DATASET EXTRACT Block Start

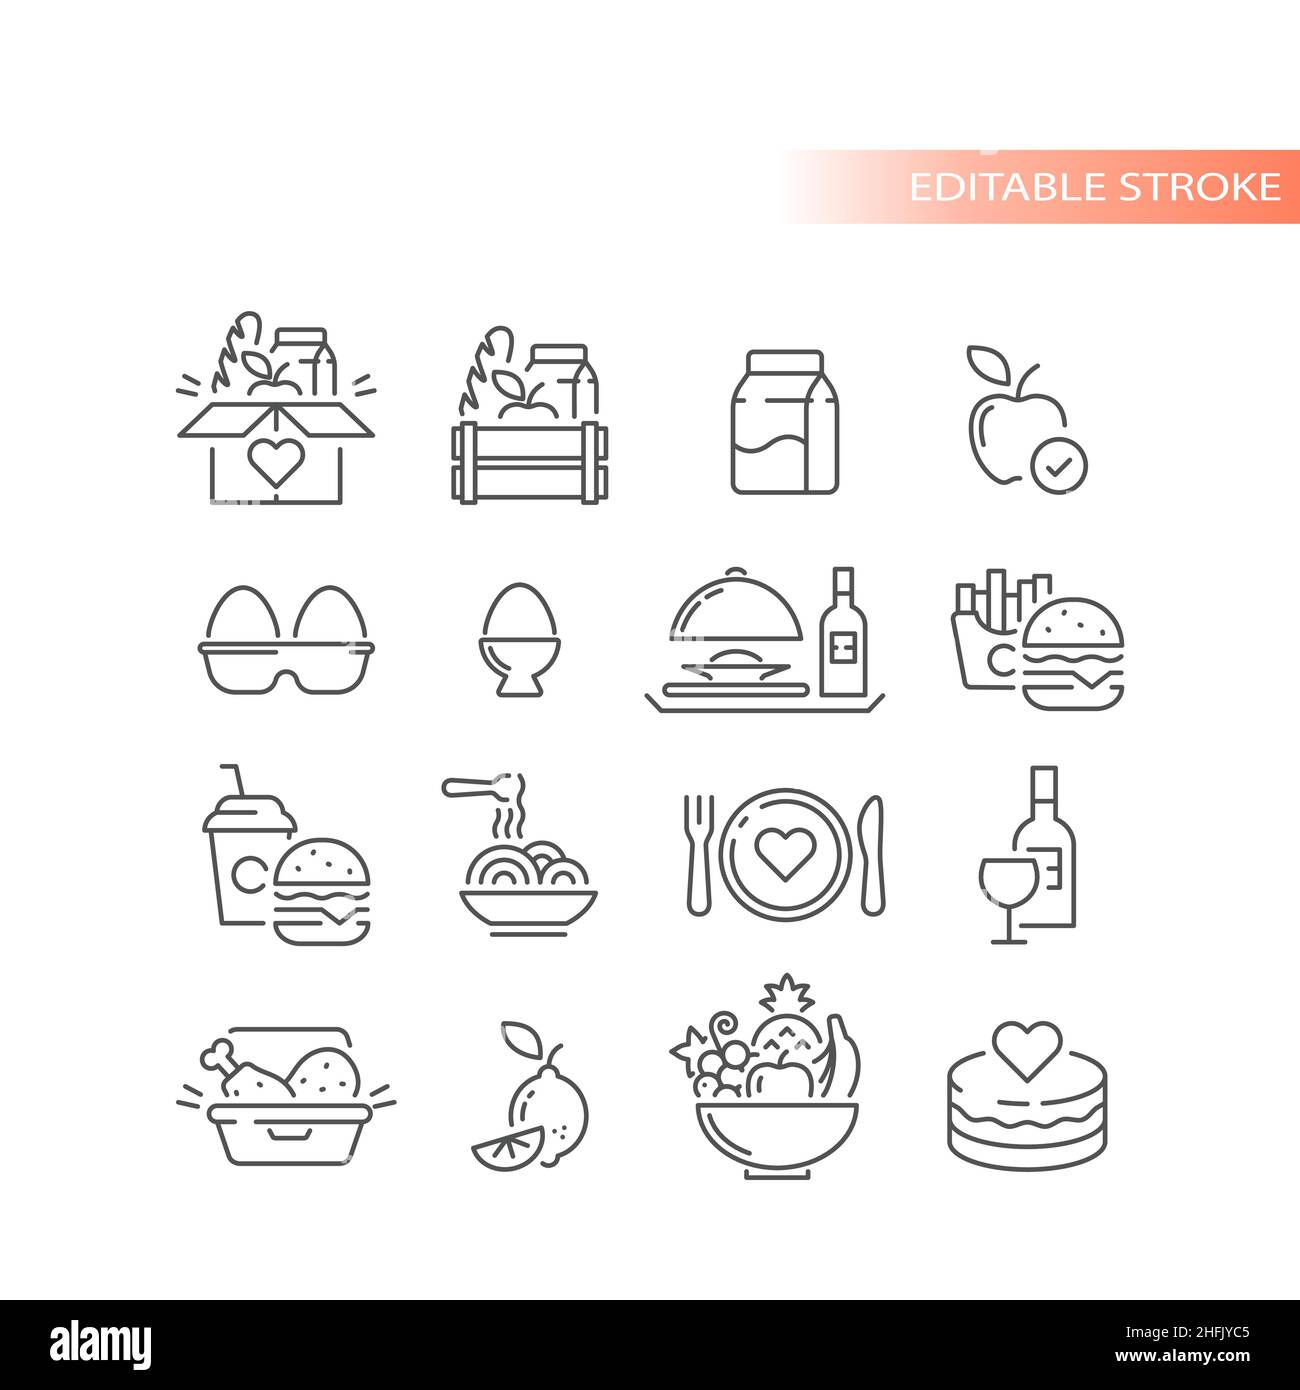 Essen, leckere Lebensmittel Kiste, Kugel von Früchten. Kuchen, Eier, mitnehmen Lieferung skizziert Vektor-Symbol-Set. Stock Vektor
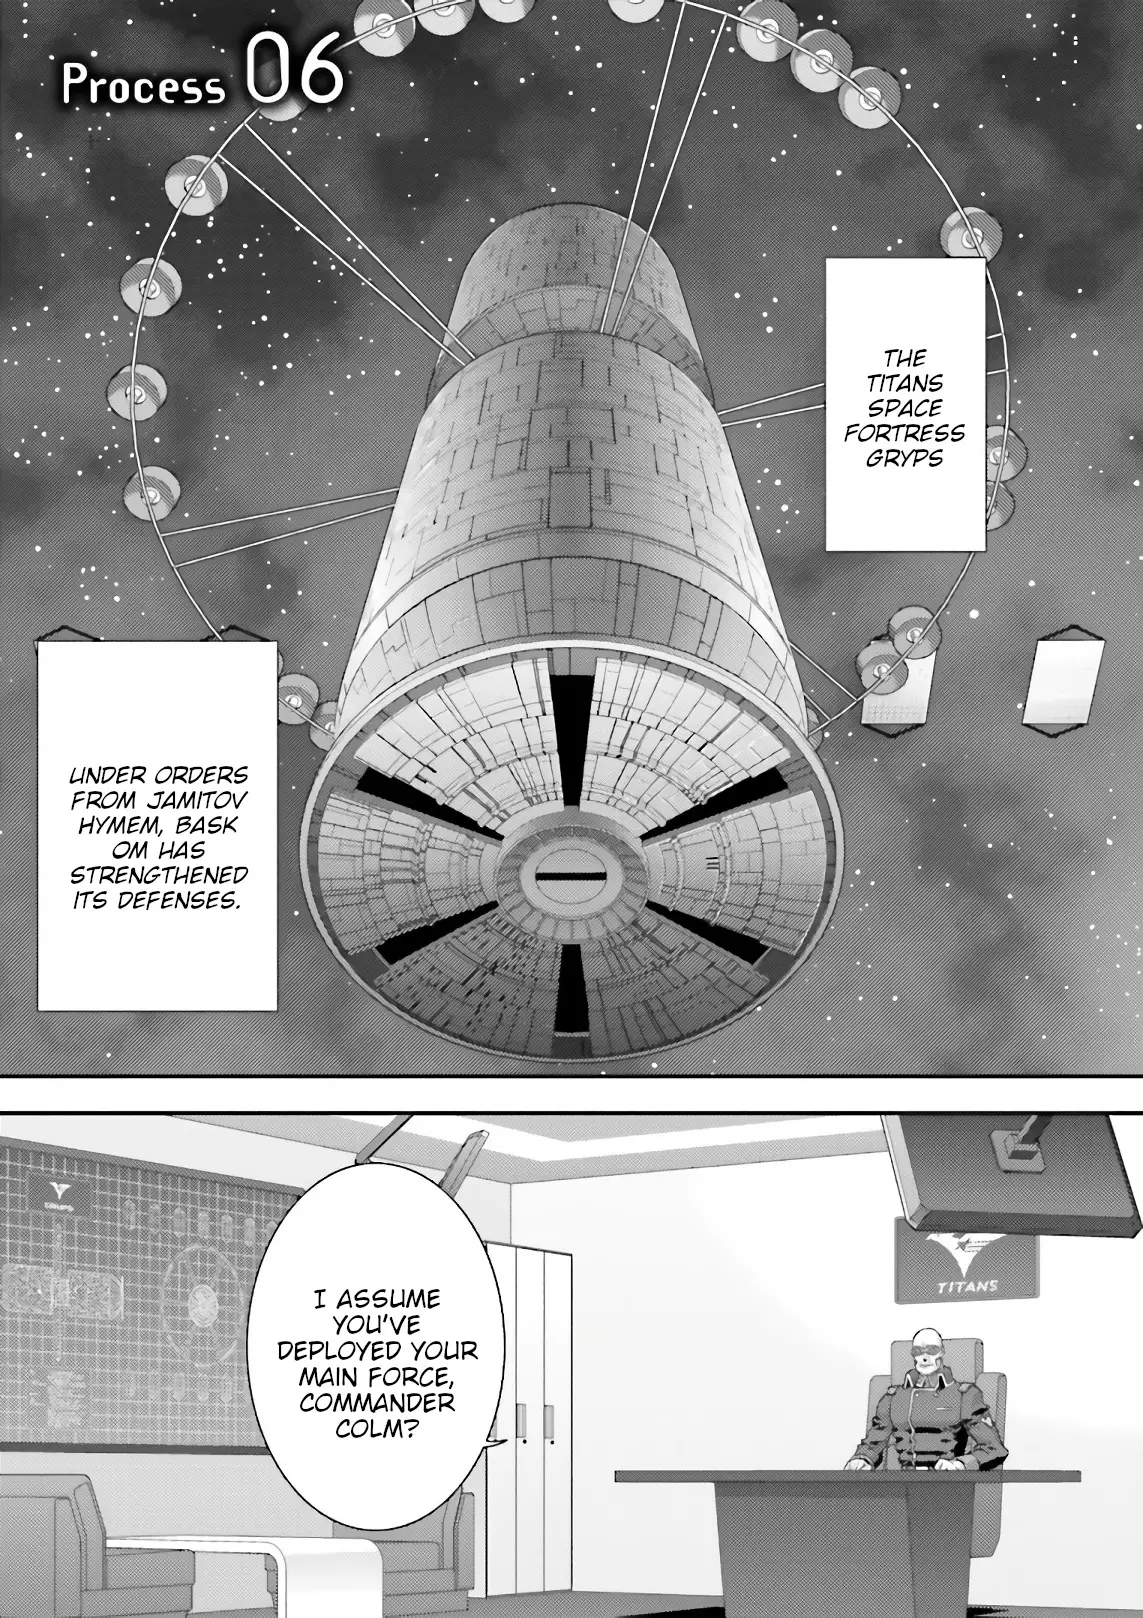 Mobile Suit Zeta Gundam - Define - 55 page 1-9085fcc8
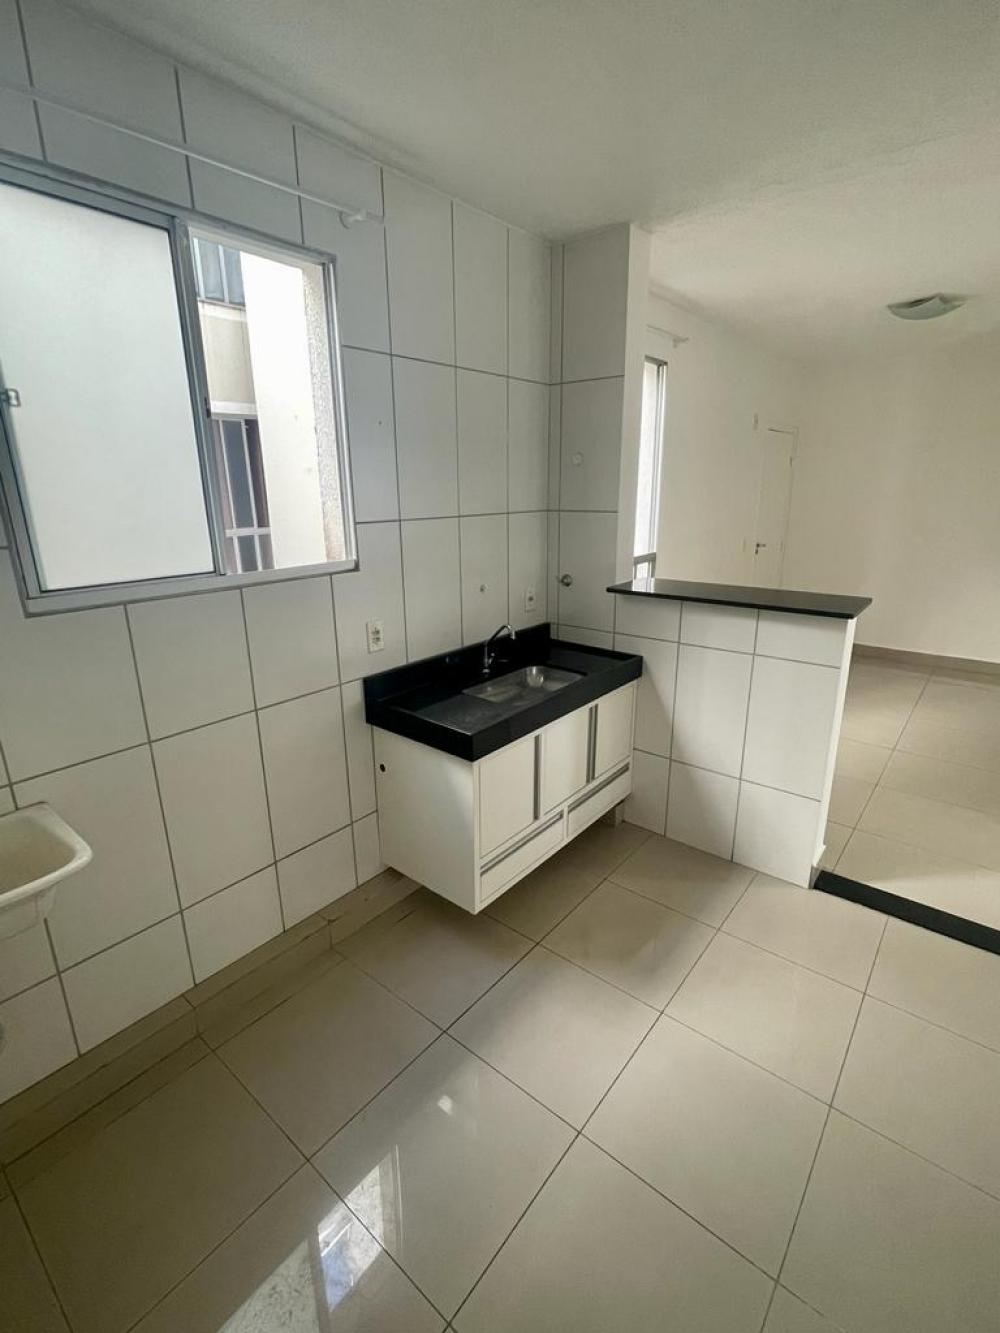 Lindo apartamento localizado no bairro Santa Terezinha, sol da tarde, fácil acesso a Rodovia Geraldo de Barros, contendo sala, cozinha, lavanderia, 1 banheiro e 2 dormitórios.

DATASET EXTRACT Block End

WHAT YOU SHOULD DO :: Your task is to repeat the listing exactly while omitting its pictures.

SOLUTION FOR THIS TASK ::
 Essen, leckere Lebensmittel Kiste, Kugel von Früchten. Kuchen, Eier, mitnehmen Lieferung skizziert Vektor-Symbol-Set. Stock Vektor
 Mobile Suit Zeta Gundam - Define - 55 page 1-9085fcc8
 Lindo apartamento localizado no bairro Santa Terezinha, sol da tarde, fácil acesso a Rodovia Geraldo de Barros, contendo sala, cozinha, lavanderia, 1 banheiro e 2 dormitórios.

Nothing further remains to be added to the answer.